The Hobart Chamber Orchestra have commissioned a new work from Matthew Dewey to be played in two concerts featuring all new music in mid-2008. The piece, a string symphony in three movements, will be somewhere in the duration of 15 to 17 minutes and reflects on the history and environment of the Tasman Peninsula region. The premiere will be conducted by eminent French conductor Jean-Louis Forestier .
About the Hobart Chamber Orchestra
The Hobart Chamber Orchestra (HCO) is fundamentally a string ensemble of 24 players, although the orchestra sometimes augments to include winds, brass and percussion depending on the repertoire. The HCO was founded in 1987 by Australian Violinist Phillip Taylor and has since been an important ensemble in Tasmania performing both music from the baroque and classical periods right through to newly commissioned works.
About Jean Louis Forestier:
Born in France, Jean-Louis Forestier has recently successfully extended his growing international reputation to the Australian cultural arena as a guest conductor with the Tasmanian, Melbourne, Queensland and Canberra Symphony Orchestras, and Hobart’s IHOS Opera.
His conducting history commenced at the Ecole Normale de Musique de Paris with Pierre Dervaux and later at l’Academia Chigghiana, Sienna (Italy) with Franco Ferrara. He has also studied and worked closely with renowned French composer and conductor Pierre Boulez, who for many years was the director of the New York Philharmonic Orchestra.
Prior to this Jean-Louis Forestier studied percussion (with 1st Prize & Honours Prize) at the National Conservatorium of Versailles, with one of the world’s foremost percussionists Sylvio Gualda. He then rose to professional prominence as Principal Percussionist and Tympanist with the Orchestre National de l’Opera de Paris (1981-1990). He performed widely as a percussion soloist and premiered a number of significant contemporary compositions.
In France he has directed and conducted a number of the country’s leading orchestras including, the Orchestres National de Bordeaux, Bretagne, Lille, Toulouse, Pays de Loire, Montpellier and l’Ile de France, and with the Orchestre de Bourgogne for it’s Festival of Music and Cinema.

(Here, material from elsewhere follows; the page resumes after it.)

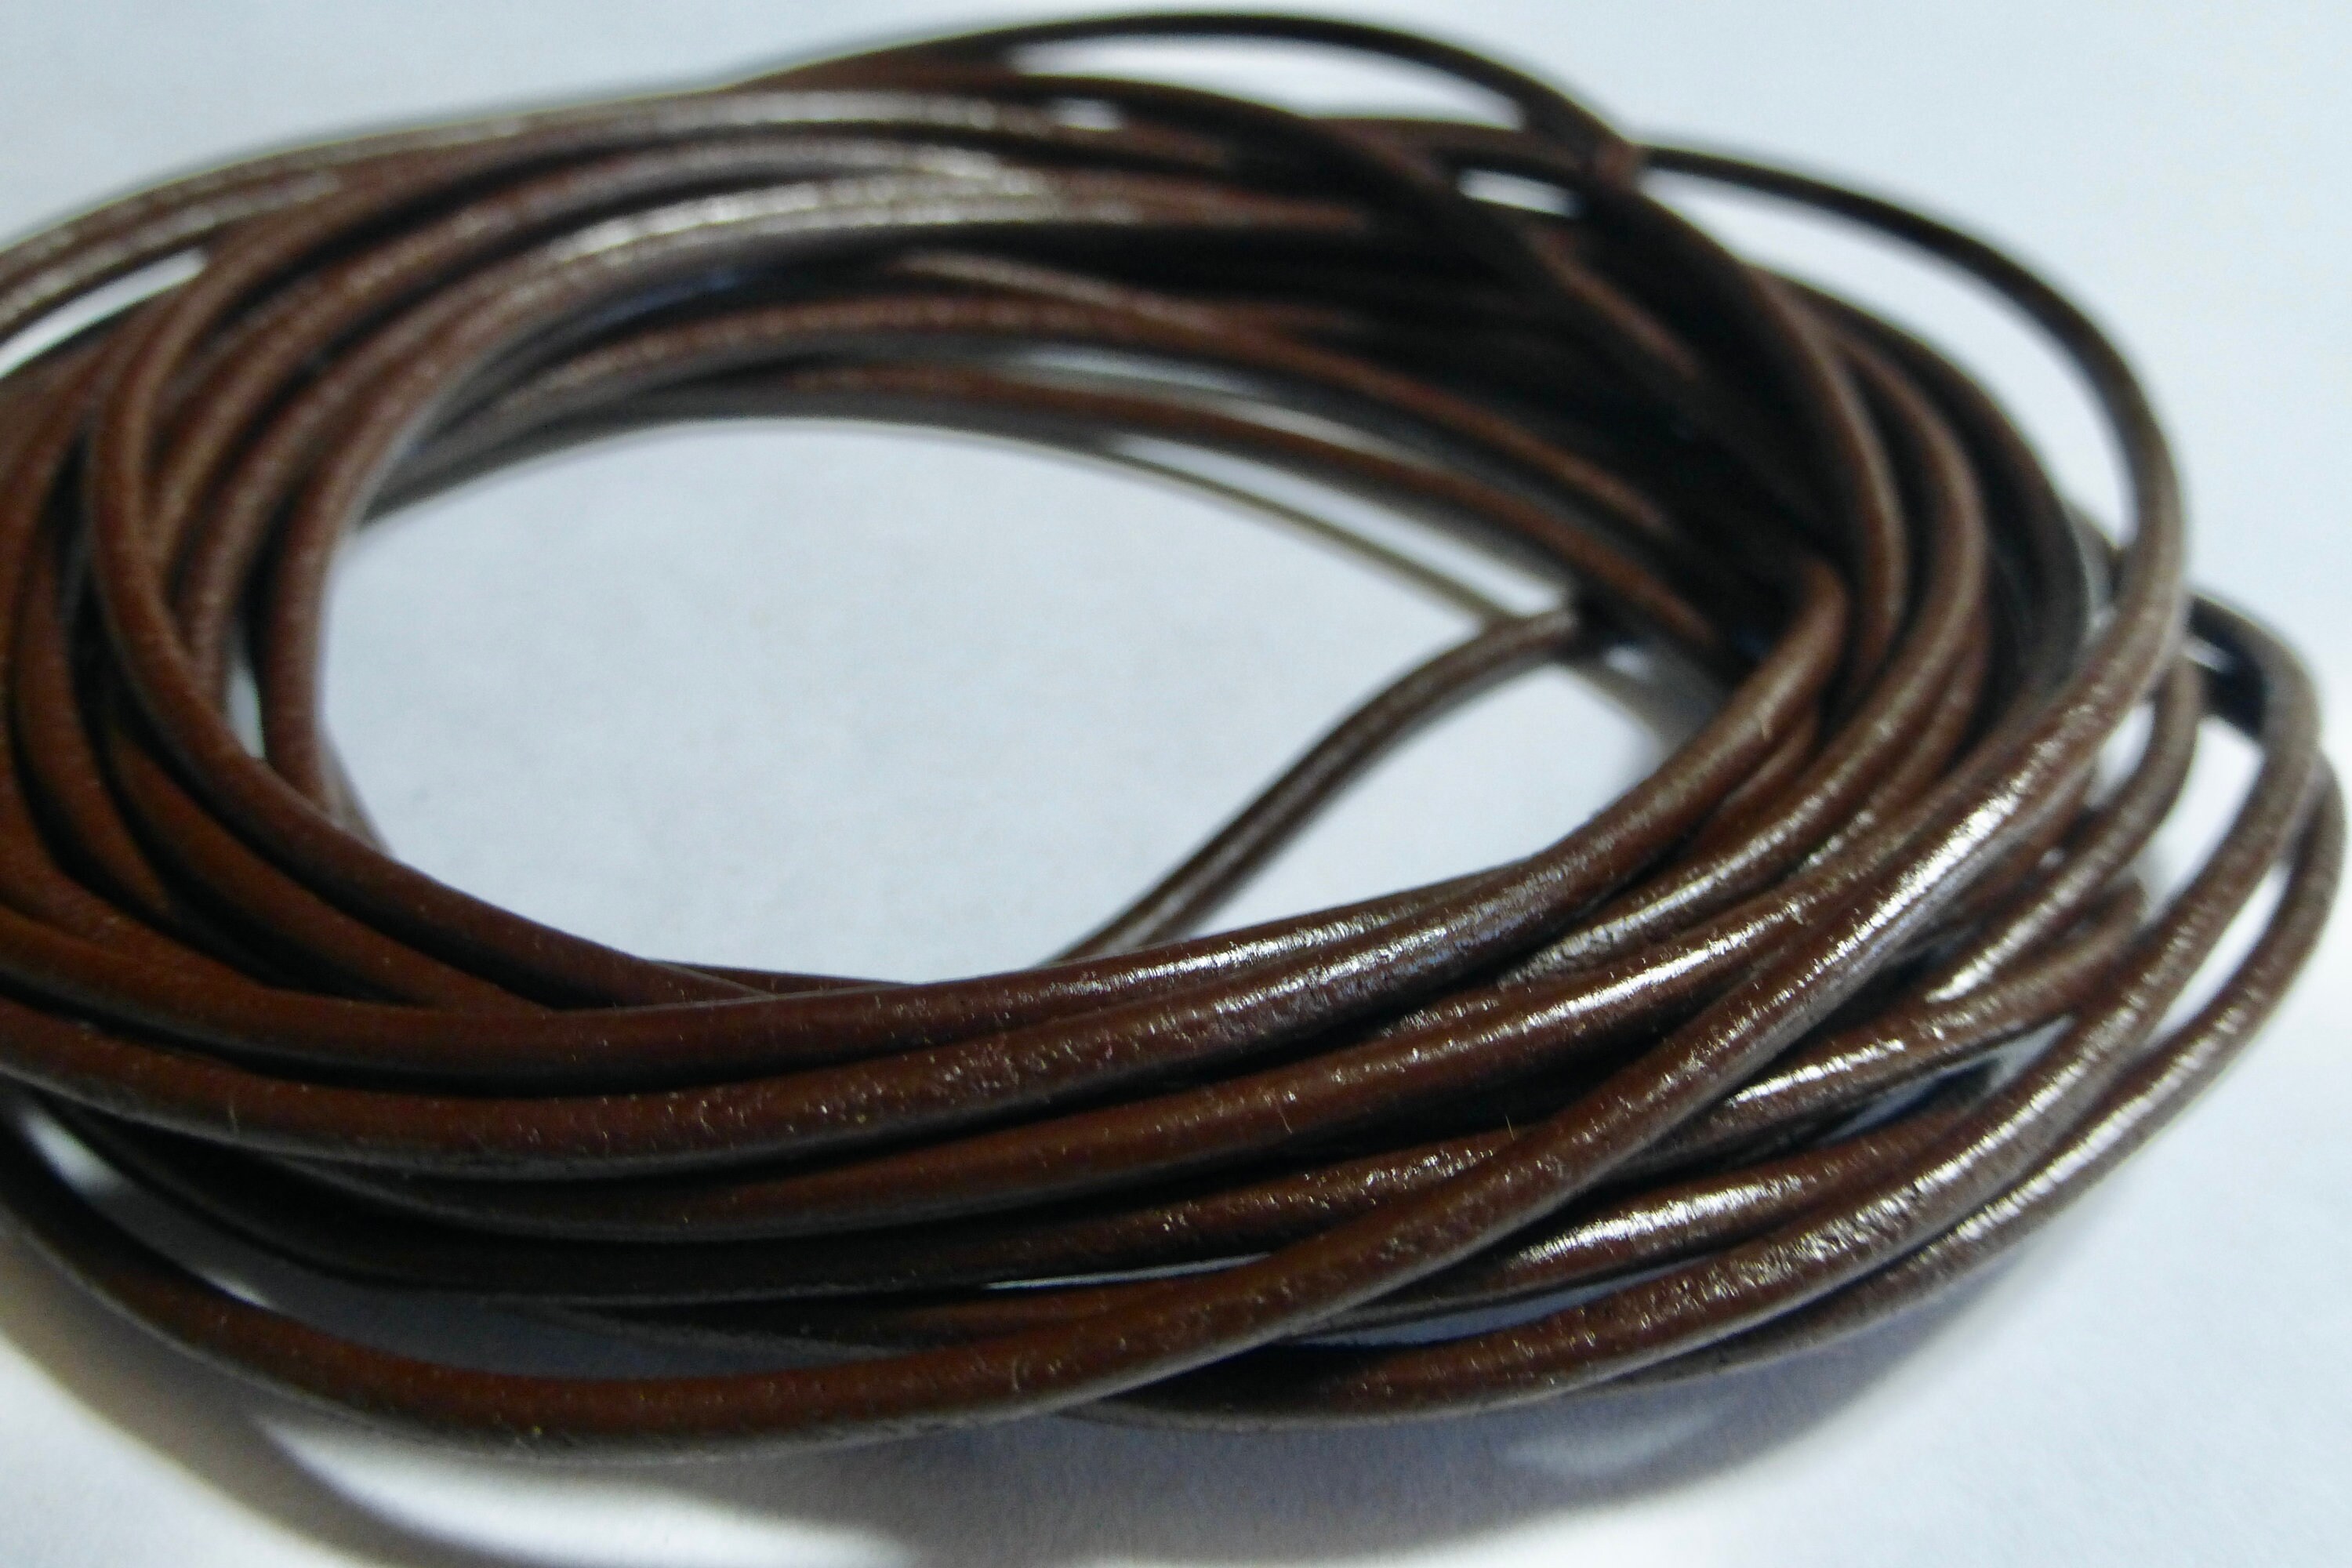  KONMAY Jewelry Real Leather Cord, 40 Yards 1.0mm Mixed Leather  String for Necklaces, Bracelets, Jewelry Making, Crafting and Braiding

He was also Musical Director of the Opera du Rhin (1988 to 1990), and Assistant Conductor to Alain Lombard at the National Orchestra of Bordeaux-Aquitaine (1990 to 1993).
Since 1991 he has been a permanent guest conductor of the Orchestral Ensemble of Kanazawa, in Japan.
In addition to his extensive symphonic and opera repertoire, Jean-Louis Forestier has collaborated with many illustrious contemporary composers for both concerts and CD recordings including Berio, Boulez, Xenakis, Ohana, Bayer, Dusapin, and Cavana.
Jean-Louis Forestier is intensely involved in musical pedagogy and has worked extensively with many youth orchestras and Conservatoriums; Versailles, Brest, Gennevilliers, the Mediterranean Youth Orchestra, IHOS Music Theatre & Opera Laboratory and Australian National University (ANU) School of Music Canberra. Forestier is currently developing an artistic collaboration and exchange with ANU Virtuosi Orchestra, Canberra and Gennevilliers School of Music, Paris.
Recent recordings include: Jolivet, Milhaud & Poulenc, soloist Thomas O’Kelly, Orchestra Ensemble Kanazawa, Warner (Japan). Film score for Mon Petit Doigt m’a Dit, director Pascal Thomas, composer Reinhart Wagner, Orchestra Camerata de Bourgogne (France). Raffael Mendez, soloist Geoffrey Payne, MSO, ABC Classics (Australia), The Glass Soldier, composer Nigel Westlake, MSO (Australia).
Jean-Louis Forestier has a very wide repertory, ranging from classical to contemporary, and conducts with as much brio both symphonic and operatic productions. His great competence and sensitivity give him a natural authority to conduct any orchestra and he is widely recognized by both critics and the public alike.